The main interest in the study is to examine clouds that are observed on top of the escarpment. Seasonal precipitation results show two distinct peaks in this region: March-April and August. Evaluation of radar observations during these two peaks indicates the area has distinct characteristics in terms of the diurnal cycle and cell structure. Climatological evaluation indicates there are several distinct precipitation zones in the southwest region.

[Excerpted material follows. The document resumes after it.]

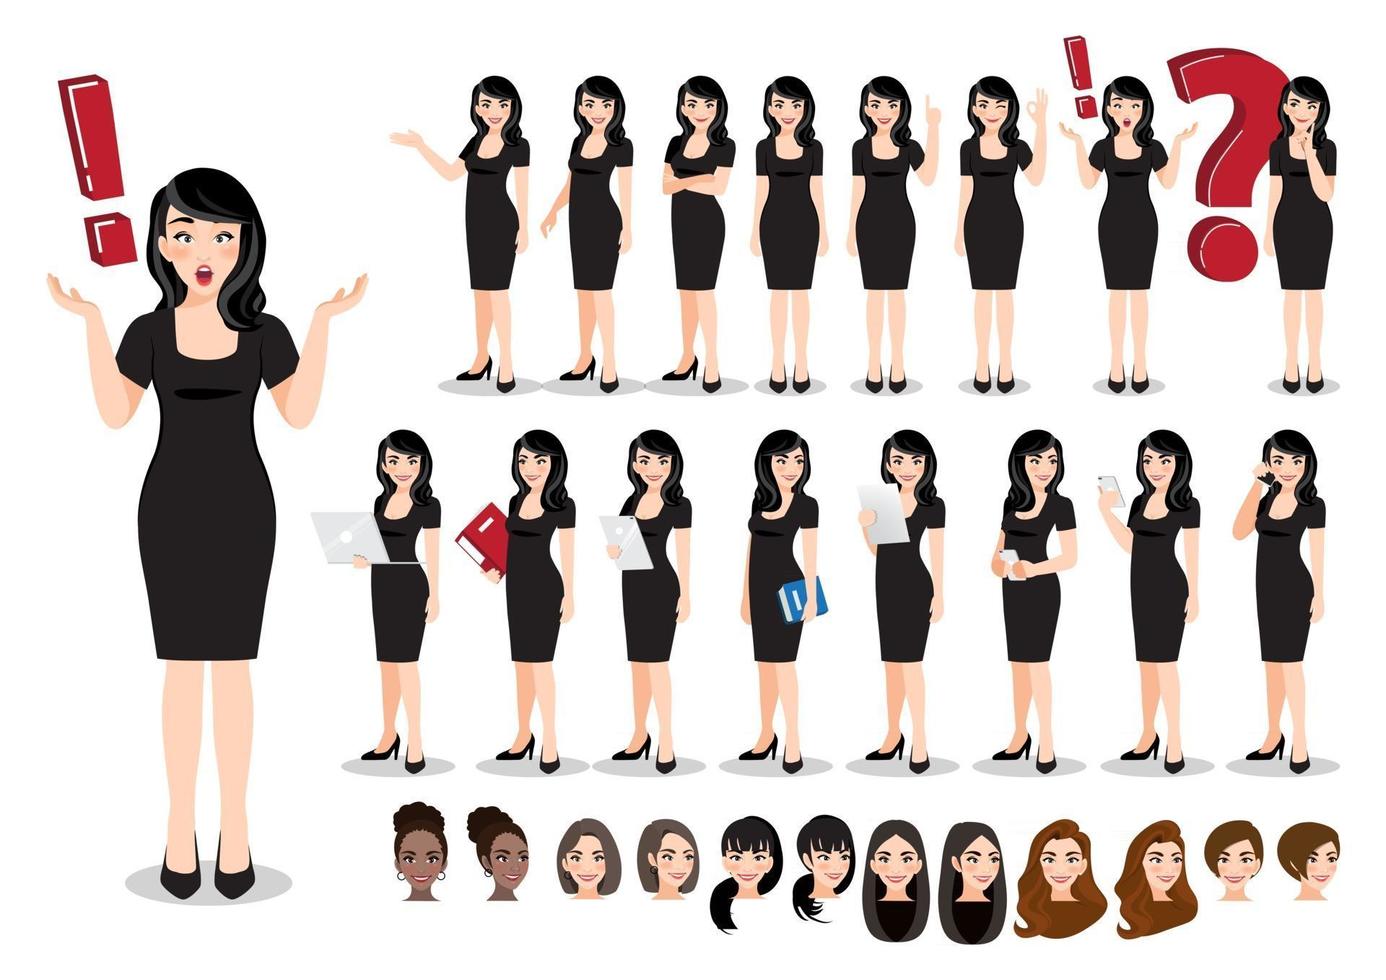 zakenvrouw cartoon tekenset. mooie zakenvrouw in een zwarte jurk. vector illustratie

We have initially focused our airborne research program on summer clouds observed over the escarpment.  This paper presents observations of clouds measured by aircraft during an intensive study carried out in the summer of 2009 in the southwest region of Saudi Arabia. A total of 35 research flights were flown during the intensive field campaign during the period 5 August 2009 to 31 August 2009. These flights were conducted under the direction of a flight scientist that assisted the pilot in flight planning and in performing the necessary profiles to accomplish the measurement objectives. Research aircraft operations focused primarily on conducting measurements in clouds that are targeted for cloud top-seeding. Cloud measurements describing the evolution of droplet coalescence, supercooled liquid water, cloud ice and precipitation hydrometeors are necessary to the understanding of precipitation formation.

From this study, we describe the large annual variability in precipitation in the southwest region of Saudi Arabia. Based on our analysis, we have developed a new conceptual model that summarizes the mechanisms for summer precipitation formation in the southwest region. Observations indicate that convective cells tend to be short-lived with complicated microphysics; the presence and concentration of large cloud droplets suggest that GCCN broaden the cloud droplet spectrum; and ice-phase microphysics is important and seems to be efficient. These results have important ramifications for cloud seeding operations.